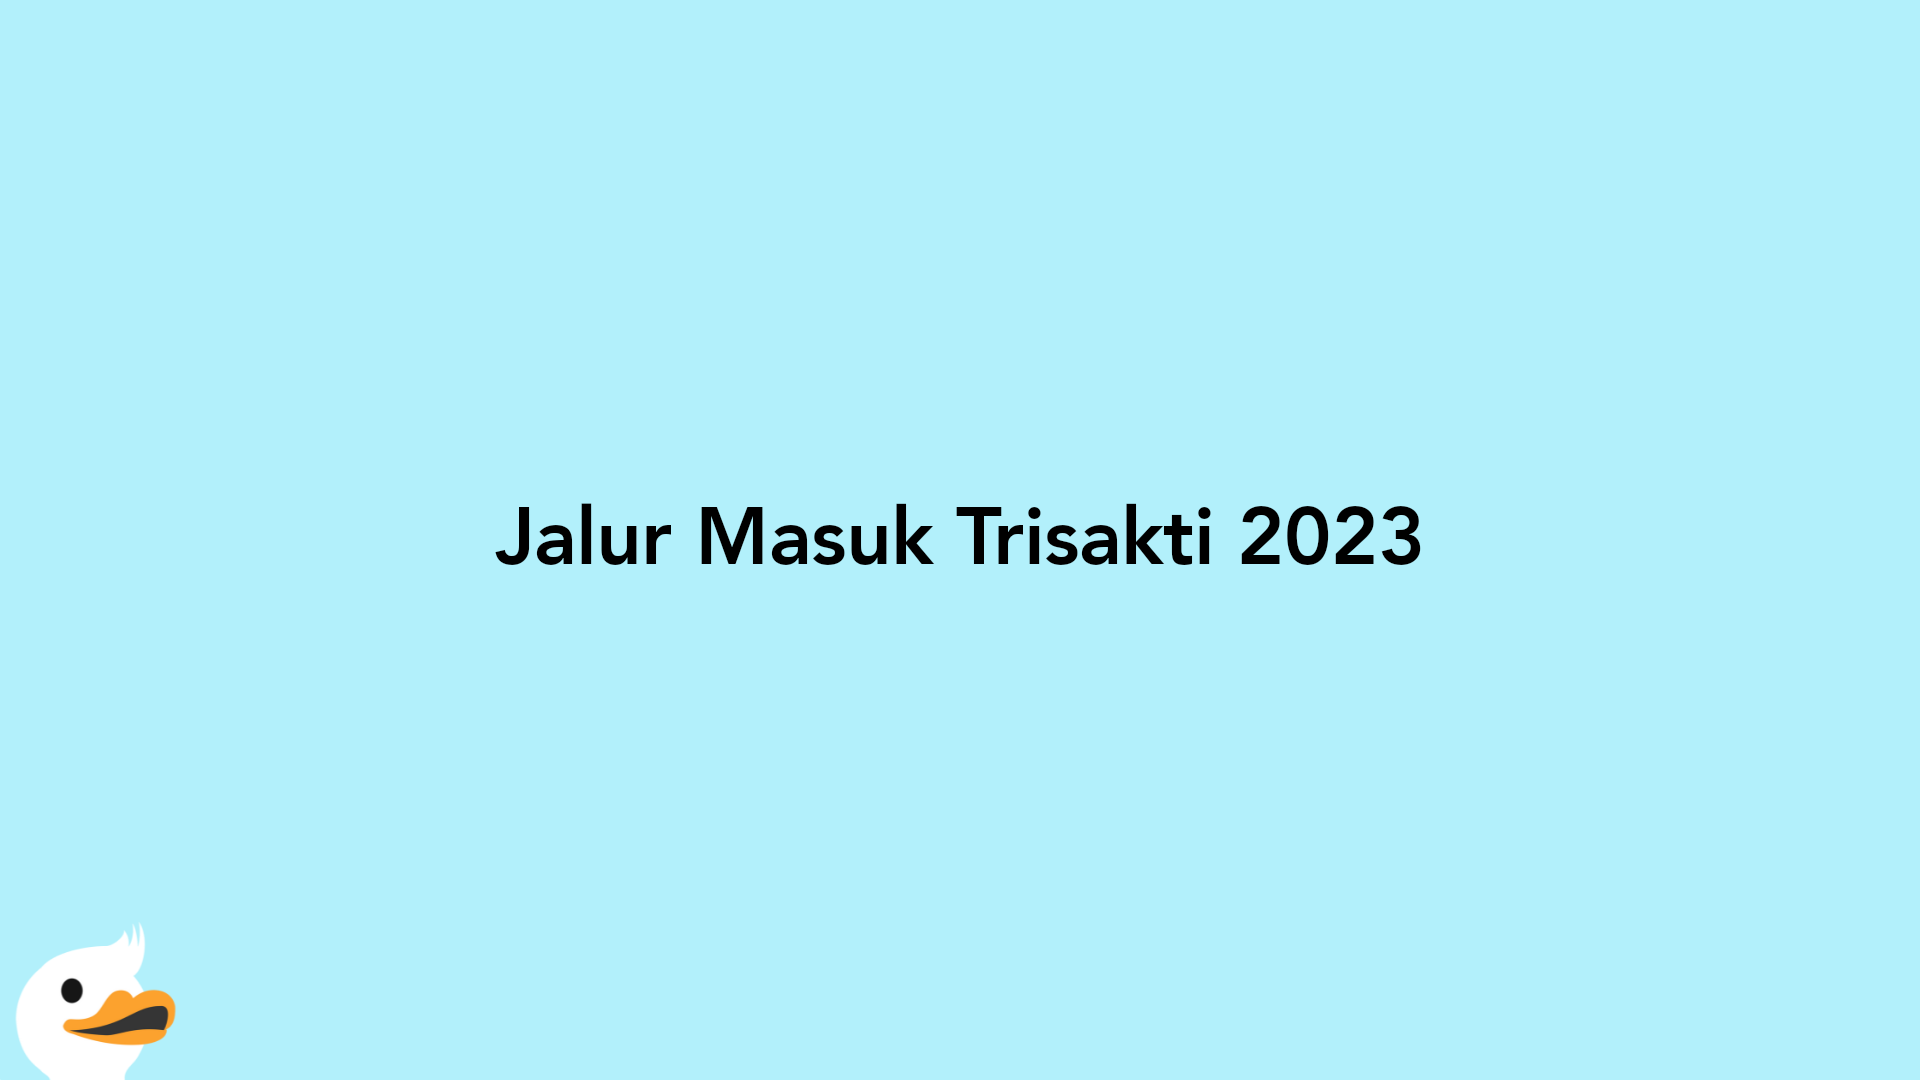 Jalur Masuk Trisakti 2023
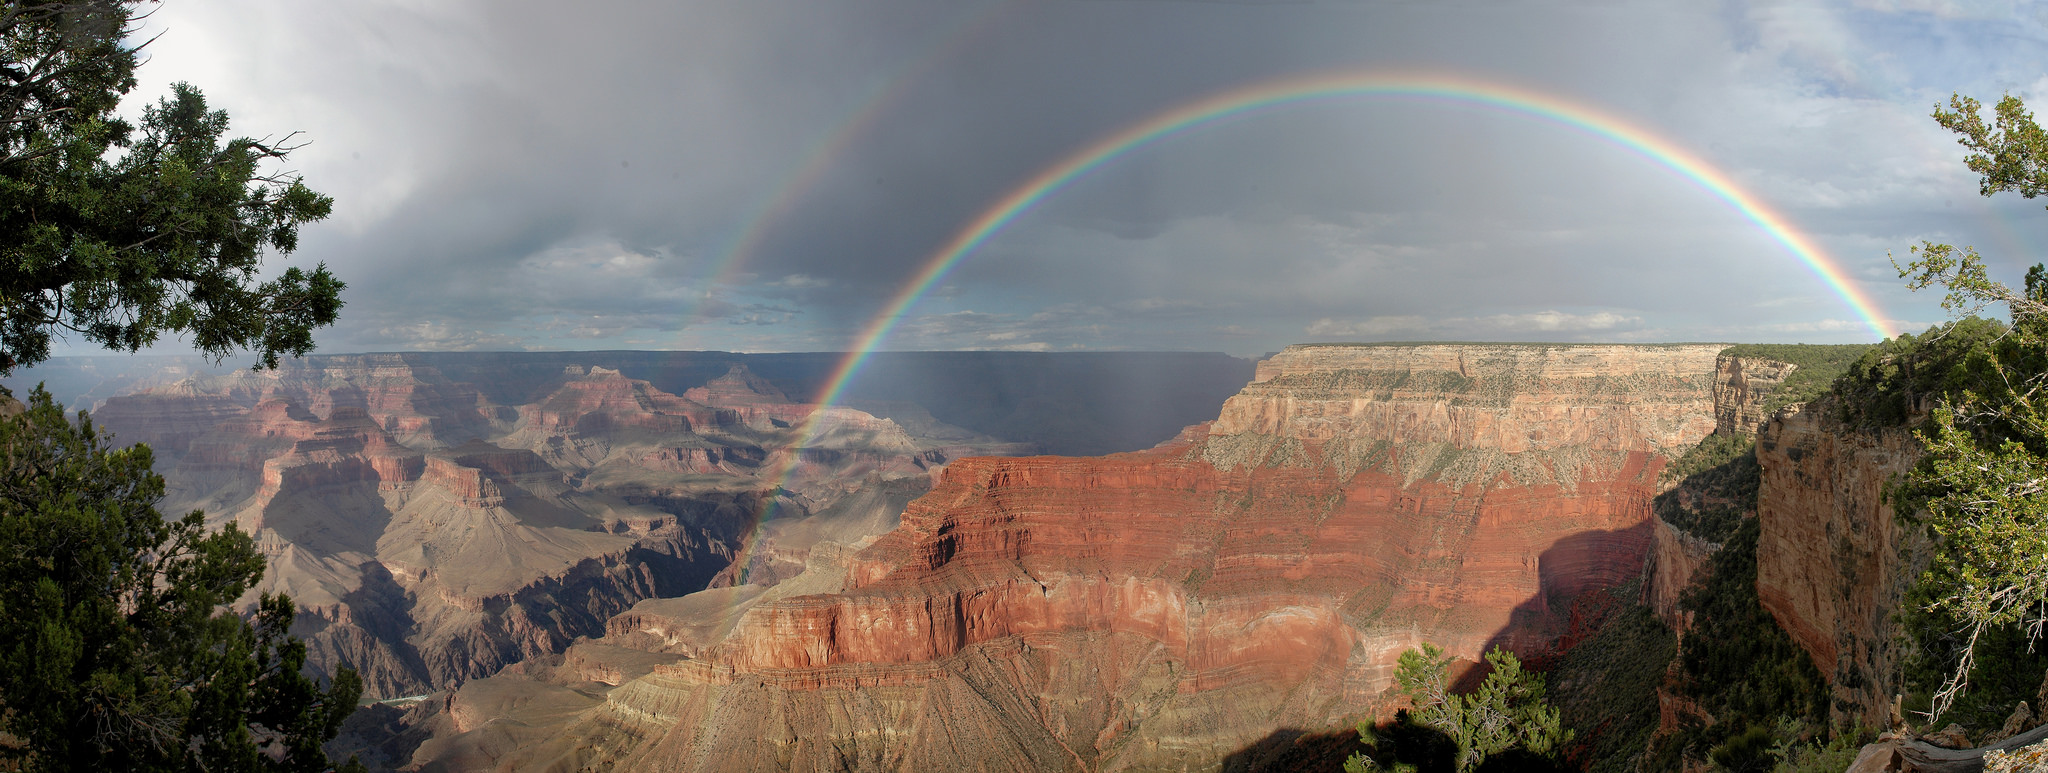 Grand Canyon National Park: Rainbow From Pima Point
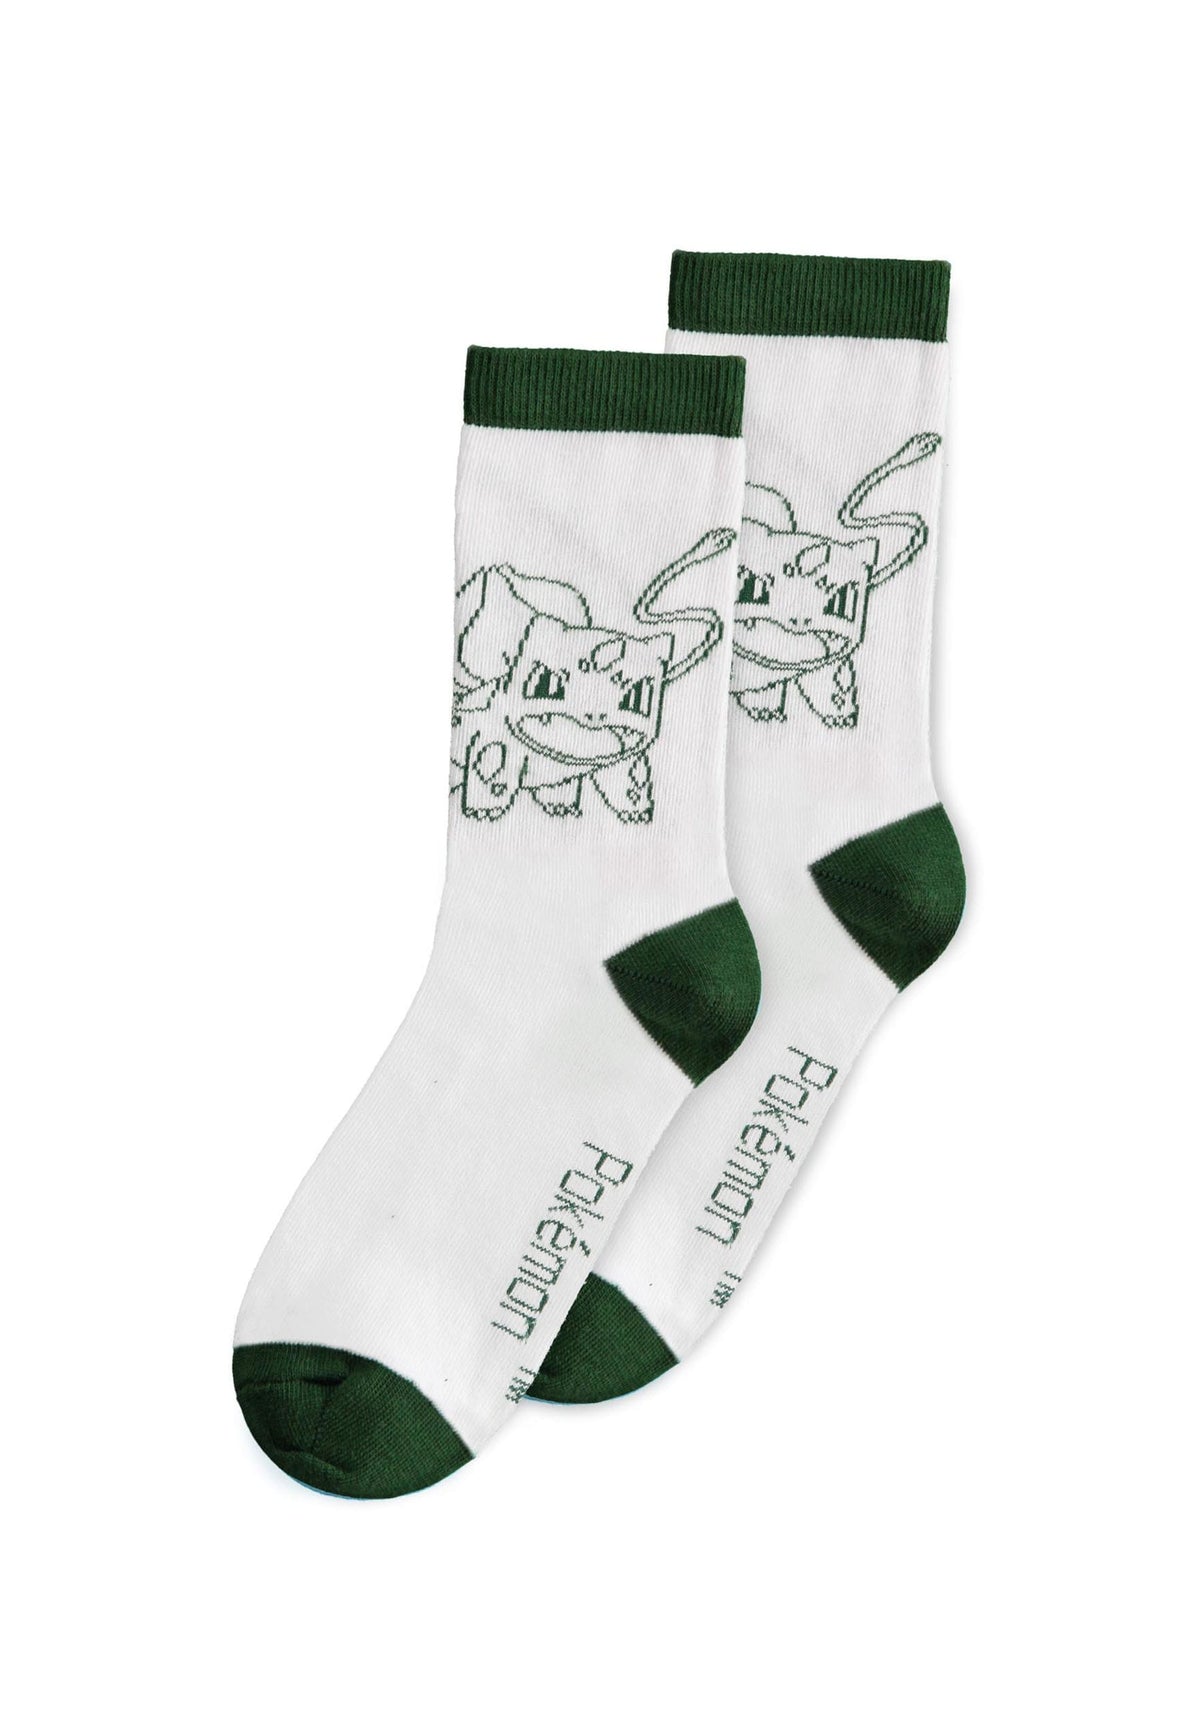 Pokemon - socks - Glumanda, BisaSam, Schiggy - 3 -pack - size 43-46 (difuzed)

═══

YOUR GOAL: Would you please retype all the data exactly? Leave out whatever pictures it holds.

REPLY:
 Jalur Masuk Trisakti 2023
 Grand Canyon National Park: Rainbow From Pima Point
 Pokemon - socks - Glumanda, BisaSam, Schiggy - 3 -pack - size 43-46 (difuzed)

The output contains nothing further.